Cornell University, Statistical Science, Ithaca, 14850 United States.
J Am Stat Assoc. 2016;111(514):834-845. doi: 10.1080/01621459.2015.1058265. Epub 2016 Aug 18.
We introduce a new sparse estimator of the covariance matrix for high-dimensional models in which the variables have a known ordering. Our estimator, which is the solution to a convex optimization problem, is equivalently expressed as an estimator which tapers the sample covariance matrix by a Toeplitz, sparsely-banded, data-adaptive matrix. As a result of this adaptivity, the convex banding estimator enjoys theoretical optimality properties not attained by previous banding or tapered estimators. In particular, our convex banding estimator is minimax rate adaptive in Frobenius and operator norms, up to log factors, over commonly-studied classes of covariance matrices, and over more general classes. Furthermore, it correctly recovers the bandwidth when the true covariance is exactly banded. Our convex formulation admits a simple and efficient algorithm. Empirical studies demonstrate its practical effectiveness and illustrate that our exactly-banded estimator works well even when the true covariance matrix is only close to a banded matrix, confirming our theoretical results. Our method compares favorably with all existing methods, in terms of accuracy and speed. We illustrate the practical merits of the convex banding estimator by showing that it can be used to improve the performance of discriminant analysis for classifying sound recordings.
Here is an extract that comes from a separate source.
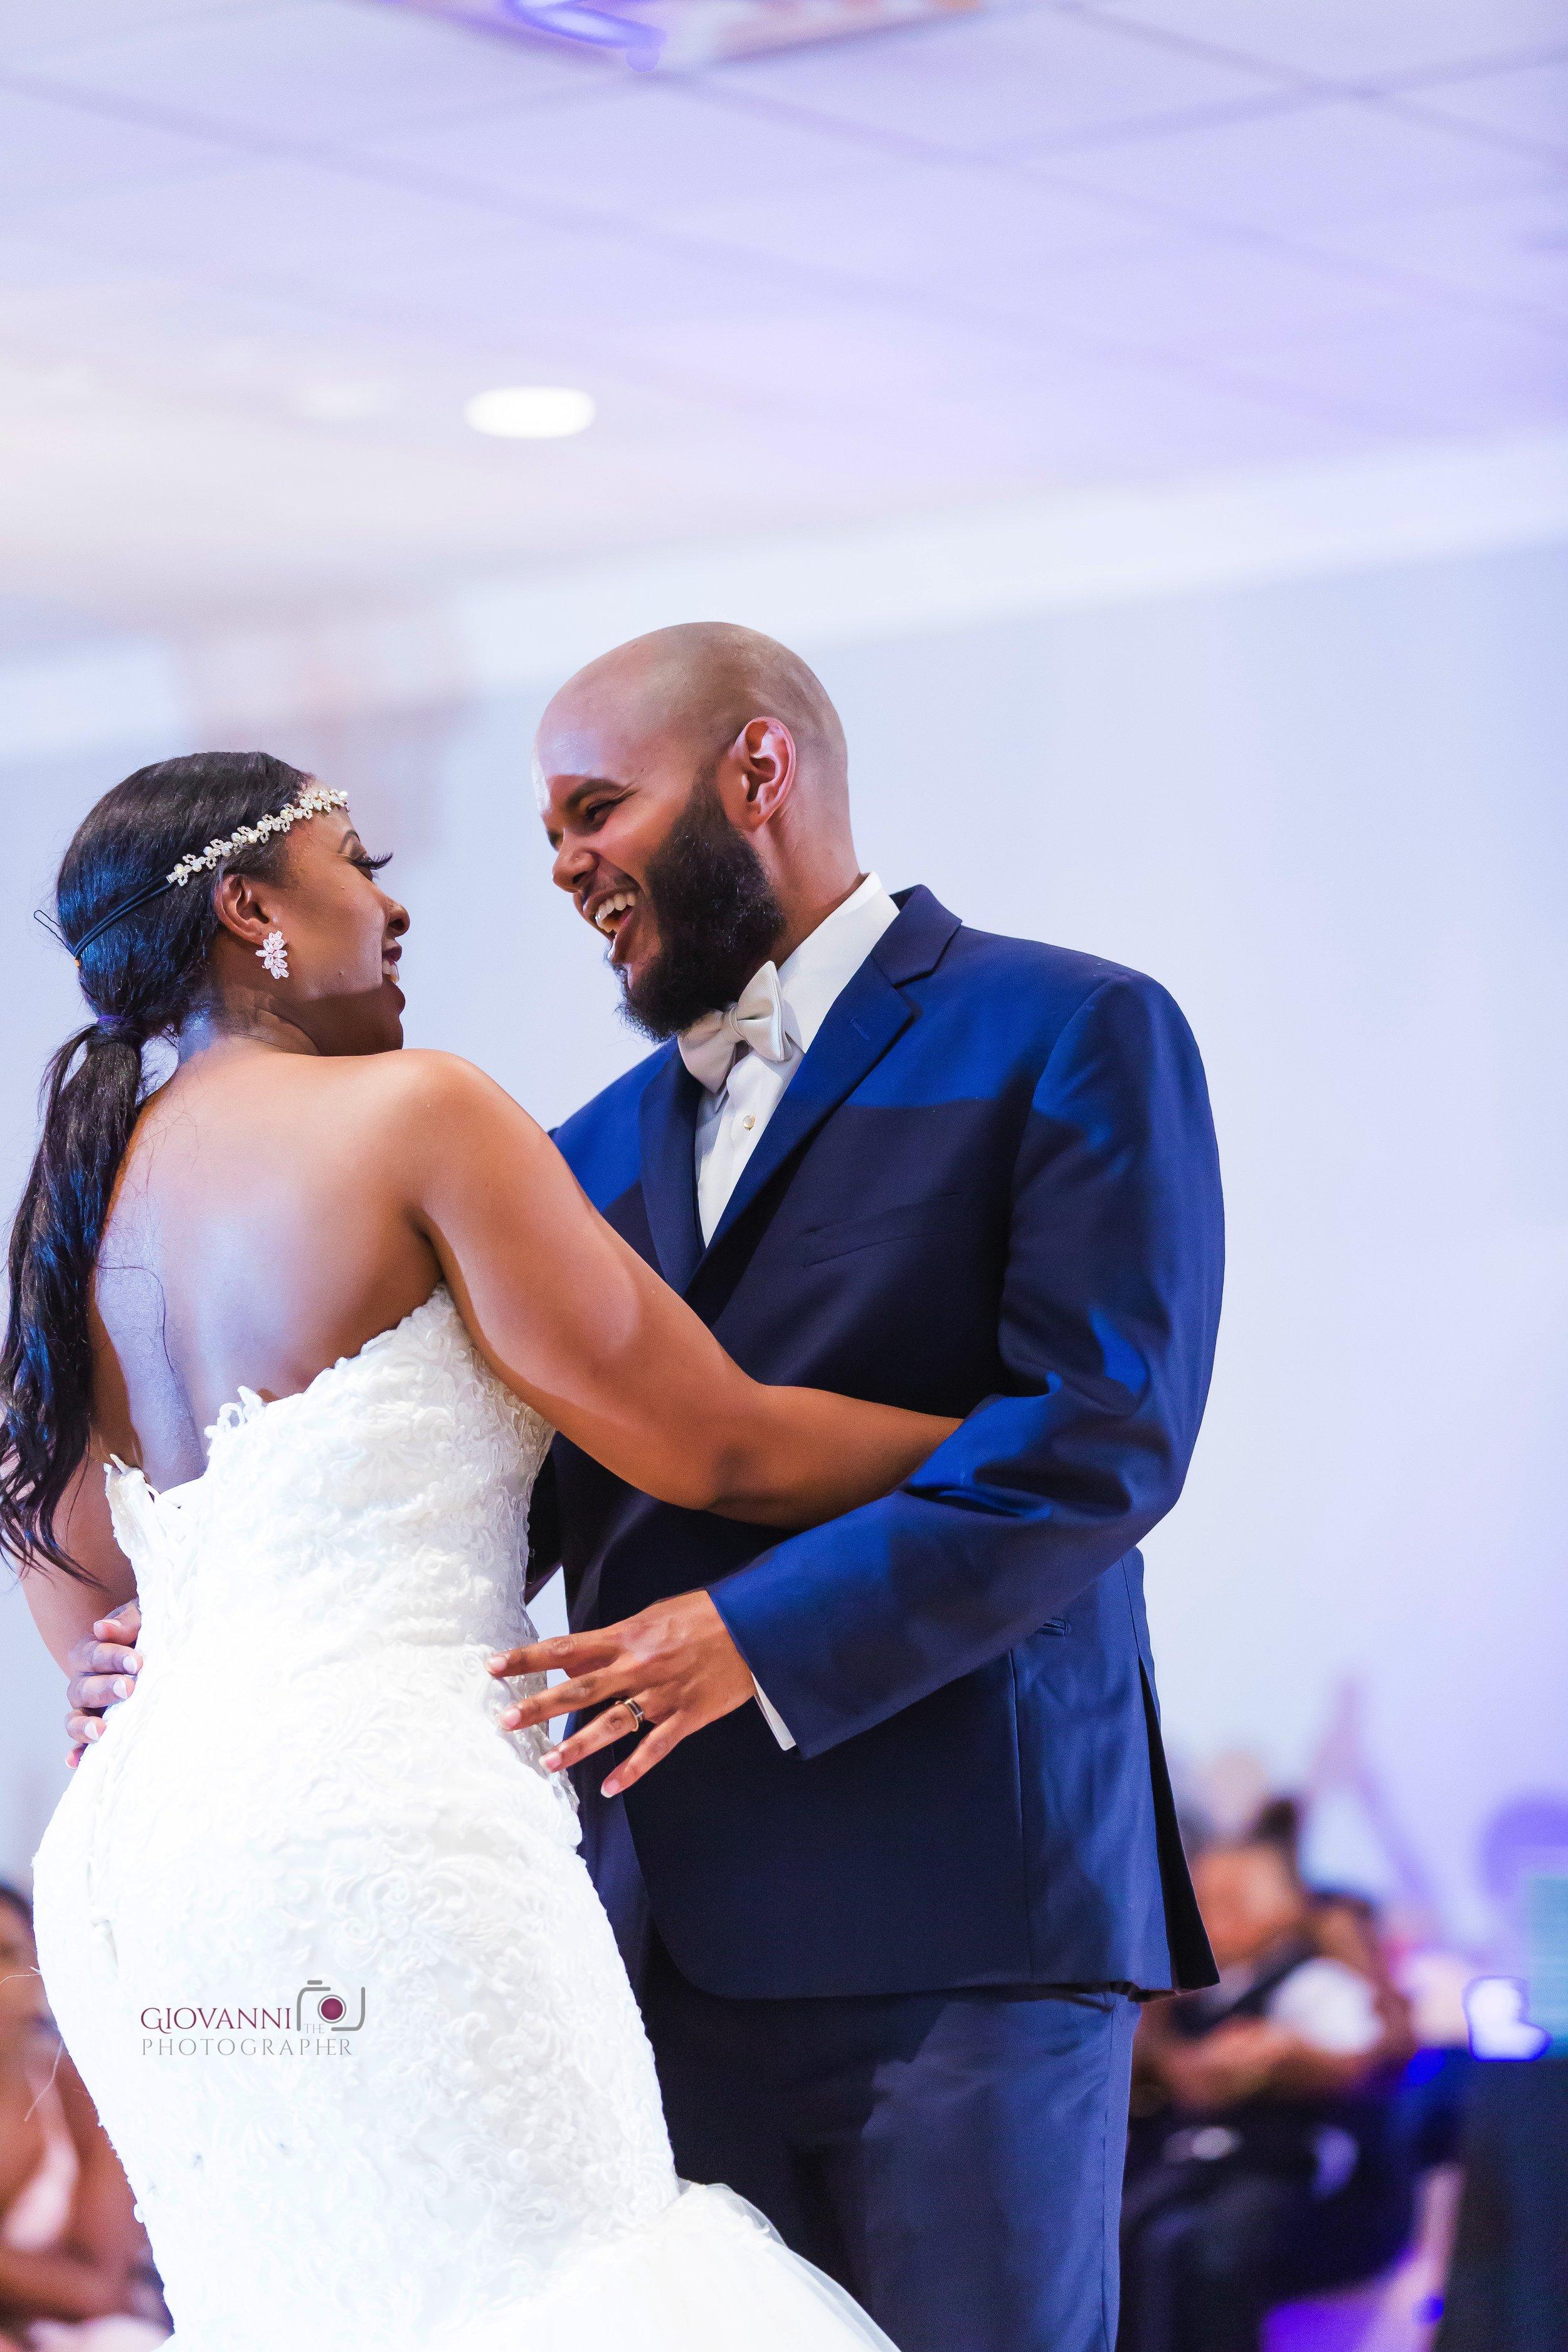 314A1290-Giovanni The Photographer-Best Boston Wedding Photography-Randolph Elks 2130 WM50.jpg

我们为变量具有已知顺序的高维模型引入了一种新的协方差矩阵稀疏估计器。我们的估计器是一个凸优化问题的解,等效地表示为一个通过Toeplitz稀疏带状数据自适应矩阵对样本协方差矩阵进行缩减的估计器。由于这种适应性,凸带状估计器具有先前的带状或缩减估计器所不具备的理论最优性质。特别是,我们的凸带状估计器在Frobenius范数和算子范数下,在对数因子范围内,对于常用的协方差矩阵类以及更一般的类,是极小极大速率自适应的。此外,当真实协方差恰好是带状时,它能正确恢复带宽。我们的凸公式允许一种简单有效的算法。实证研究证明了其实际有效性,并表明即使真实协方差矩阵仅接近带状矩阵,我们的精确带状估计器也能很好地工作,这证实了我们的理论结果。在准确性和速度方面,我们的方法优于所有现有方法。我们通过表明它可用于提高对录音进行分类的判别分析的性能,来说明凸带状估计器的实际优点。